Chaudhry's concerns over alleged lack of professional standards and ethics are shared by many people in Fiji - even some of those in the media industry. According to recent research, only 14 per cent of Fiji's journalists have qualifications and they have on average less than three years' experience.

But the prime minister's style of bitter personal attack alienated news executives, publishers and journalists who published and broadcast counter-attacks over the next few days.

Chaudhry singled out four media organisations for a particularly savage attack - the Rupert Murdoch-owned Fiji Times, and locally owned Fiji Sun, Fiji Television Ltd and the regional news magazine Islands Business. And he also directed his fire against some individual journalists.

Irked that newspapers did not run his speech in full, the government paid almost F$12,000 in advertisements to get the prime minister's message published.

Chaudhry said his Government was considering establishing a media tribunal to provide fast remedies in defamation cases.

Reports suggested that a motion would be tabled in Parliament calling for the licensing of foreign-owned media with an annual fee of F$20,000.

The tribunal proposal, in particular, stung Suva-based PINA president William Parkinson into saying: "[Chaudhry's] attacks against the media were draconian to say the least. We have not had those threats made since the military government in 1987."

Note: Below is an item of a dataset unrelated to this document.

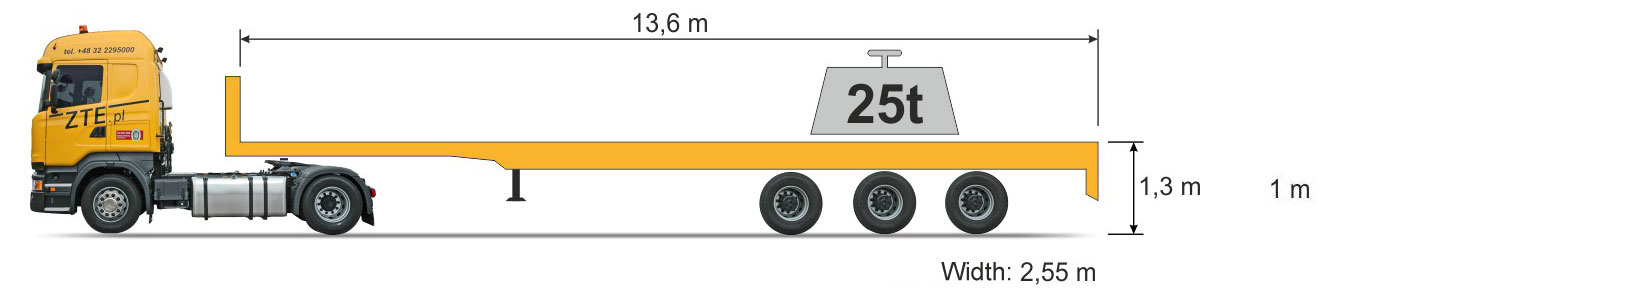 Platform type semi-trailer
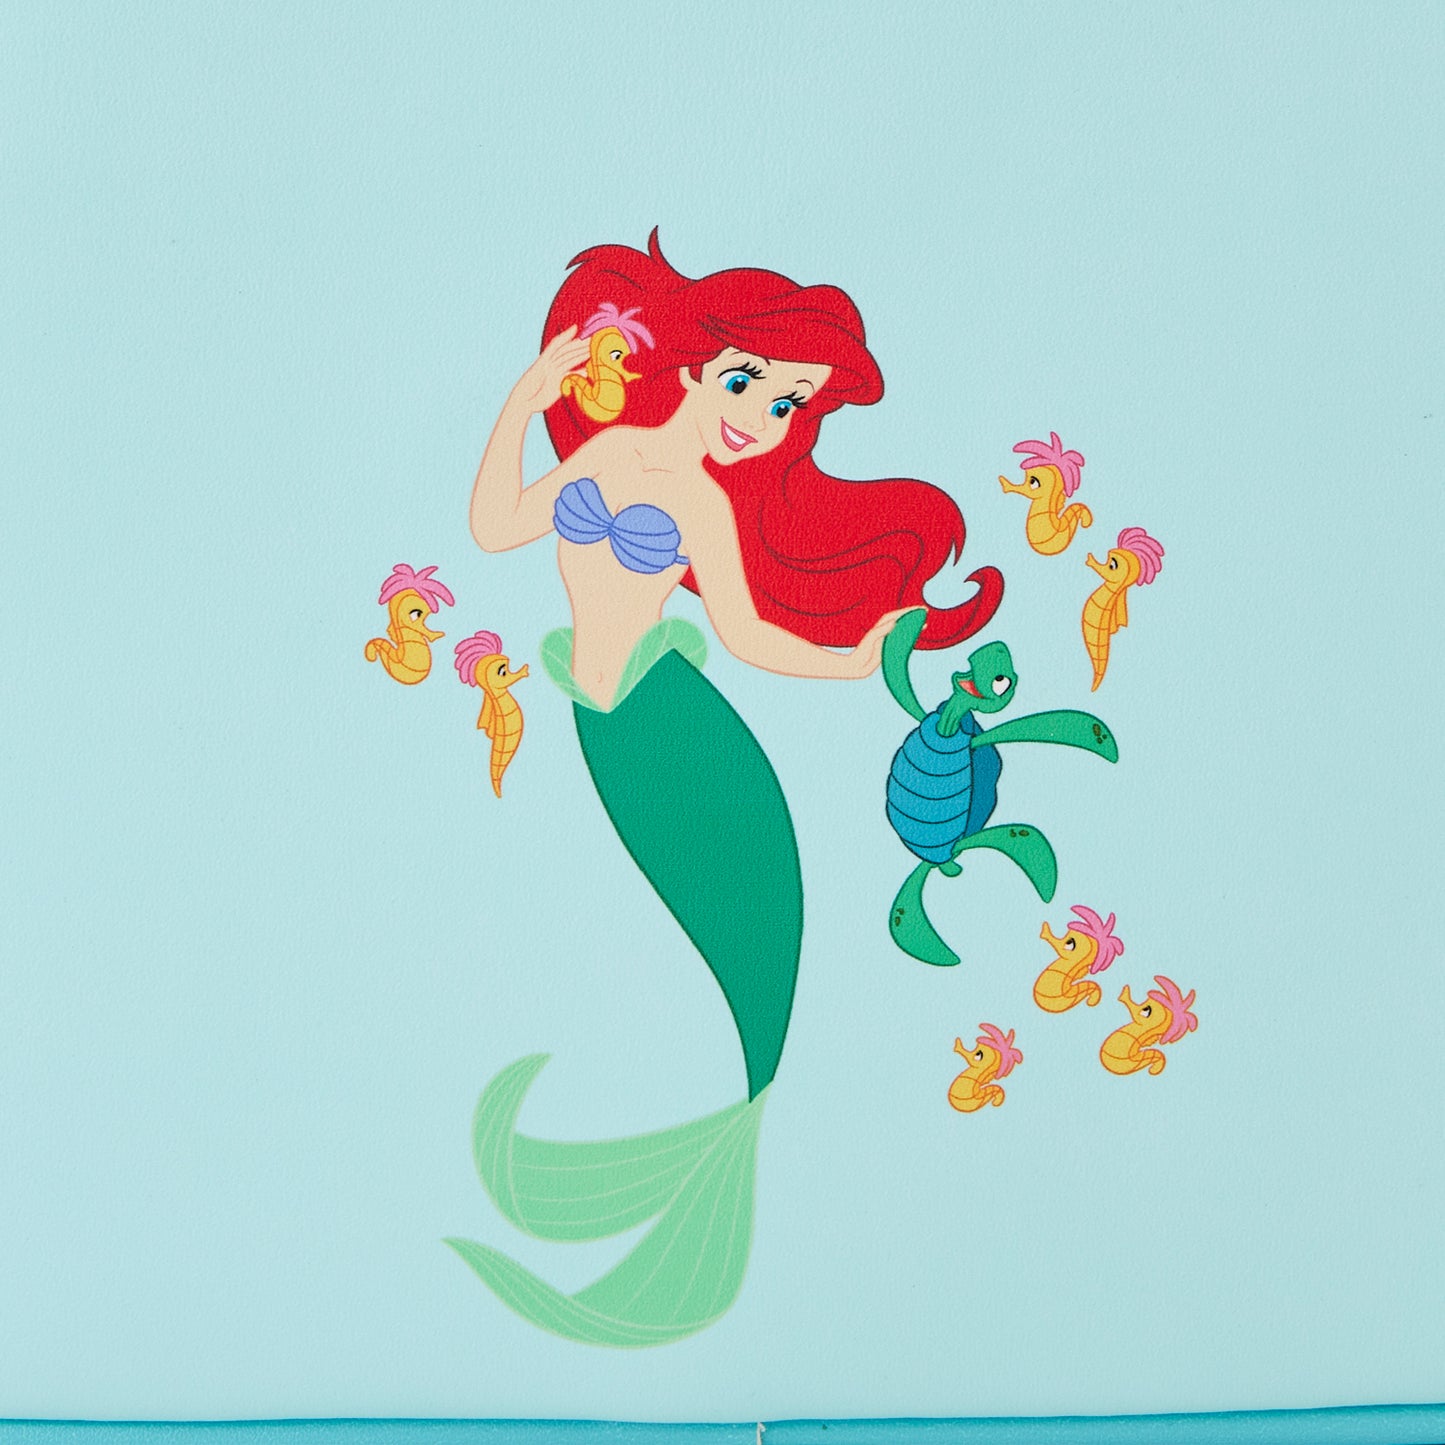 Loungefly Disney The Little Mermaid Princess Lenticular Mini Backpack *PRE-ORDER ITEM*

In the May 1987 coup, Chaudhry was arrested by the military at gunpoint along with other members of the democratically-elected government.
Rabuka staged the coup following protests by some indigenous Fijians against what was perceived as an Indian-dominated government.

Indigenous Fijians make up about 48 per cent of Fiji's 800,000 population. Indo-Fijians, mainly the descendants of indentured labourers brought in by the British colonial government last century, comprise 46 per cent.

Media Council chairman Daryl Tarte has downplayed the issue, saying: "As far I am concerned, there has been no attack on media freedom."

Transparency International offered to mediate between the media and government.

Chairman Ikbal Jannif criticised the hype and called on the media to raise its standards: "We all know, some of us from painful experience, that if you continue to poke a stick at a hornet's nest, the hornets will attack."

* David Robie is journalism coordinator of the University of the South Pacific and co-convenor of Pacific Media Watch.